* Data to use:
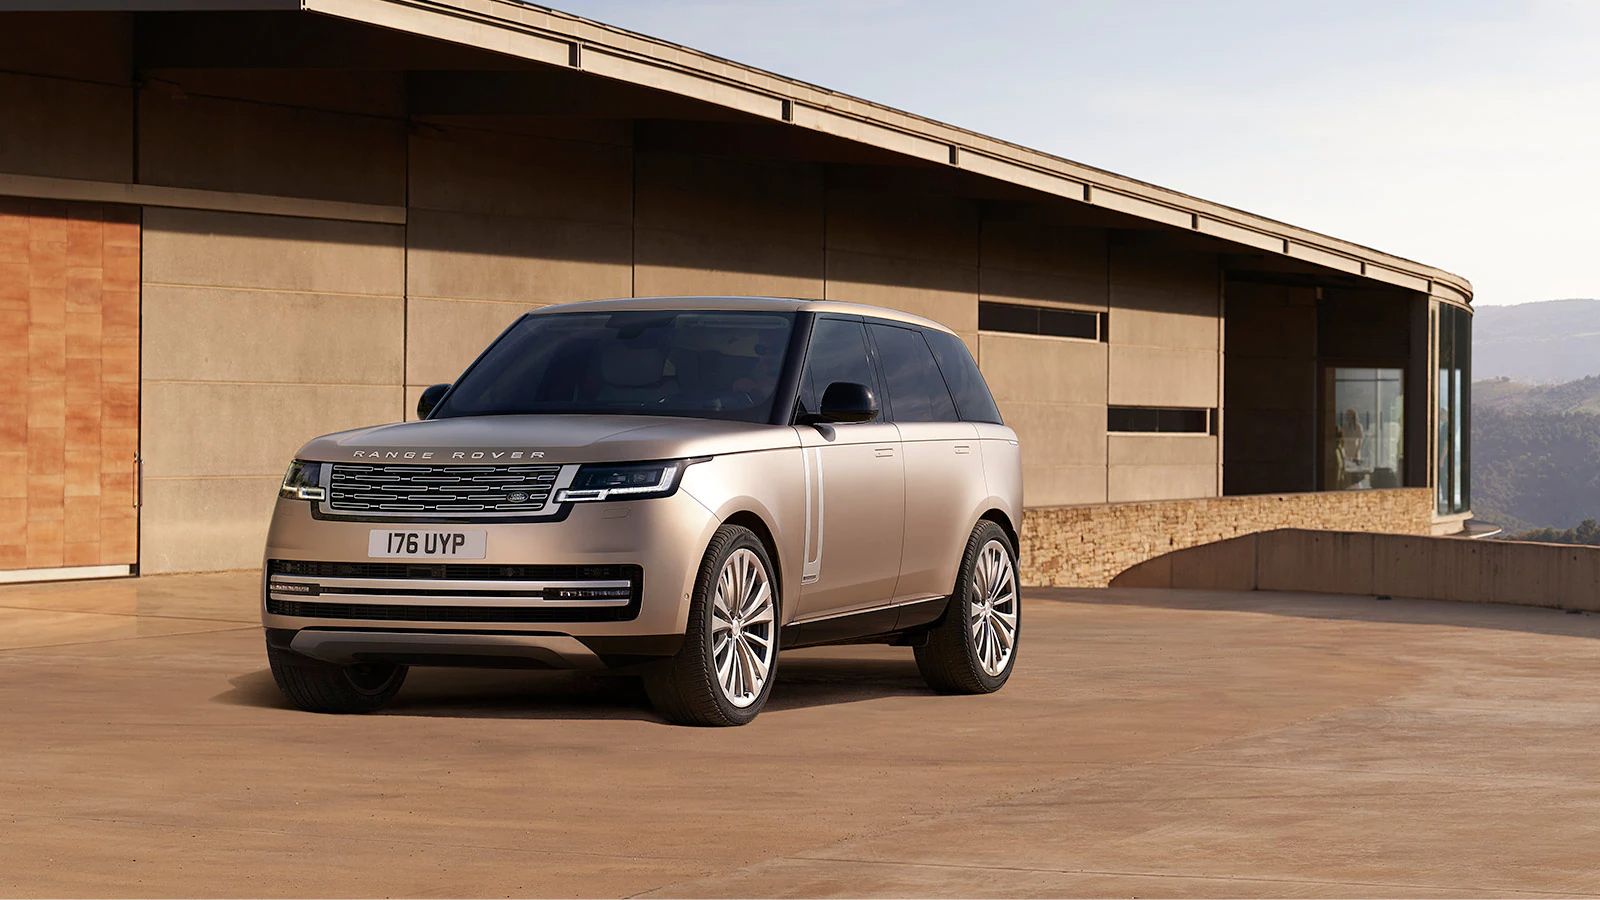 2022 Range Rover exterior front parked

==

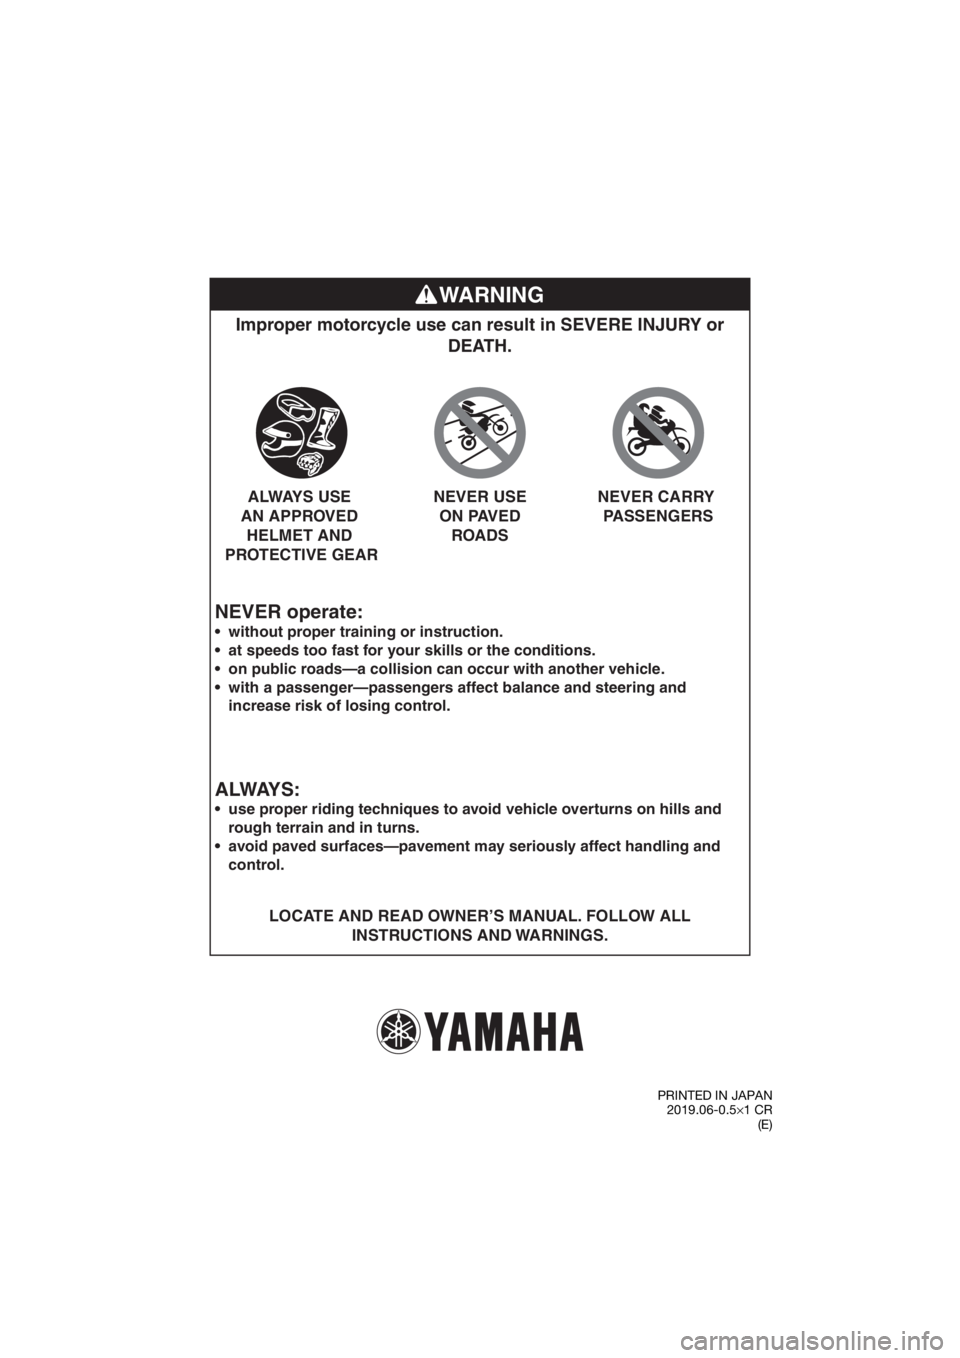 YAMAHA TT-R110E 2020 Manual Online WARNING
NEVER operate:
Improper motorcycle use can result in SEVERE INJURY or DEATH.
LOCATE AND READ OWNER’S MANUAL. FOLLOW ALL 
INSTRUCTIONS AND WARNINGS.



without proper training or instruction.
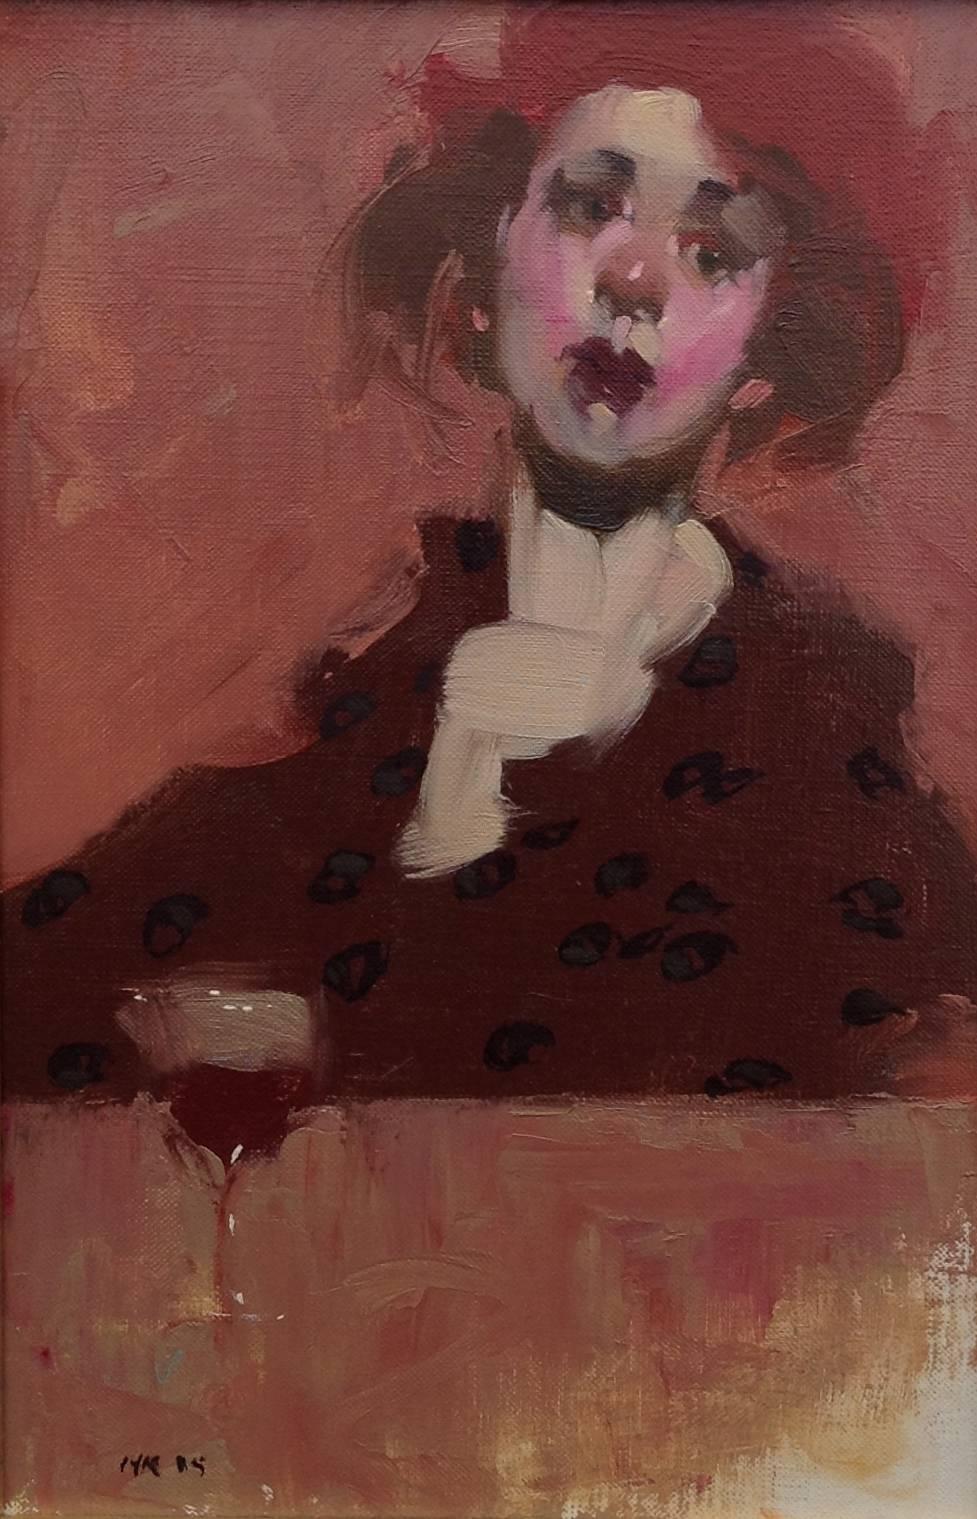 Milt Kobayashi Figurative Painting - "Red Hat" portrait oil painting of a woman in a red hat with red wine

* Problem: When you reach the line with "YAMAHA TT-R110E 2020 Manual Online WARNING" in the records above, begin repeating the lines exactly, and stop after the line with "Milt Kobayashi Figurative". Skip all pictures.

* Answer to this problem:
 YAMAHA TT-R110E 2020 Manual Online WARNING
NEVER operate:
Improper motorcycle use can result in SEVERE INJURY or DEATH.
LOCATE AND READ OWNER’S MANUAL. FOLLOW ALL 
INSTRUCTIONS AND WARNINGS.



without proper training or instruction.
 Milt Kobayashi Figurative Painting - "Red Hat" portrait oil painting of a woman in a red hat with red wine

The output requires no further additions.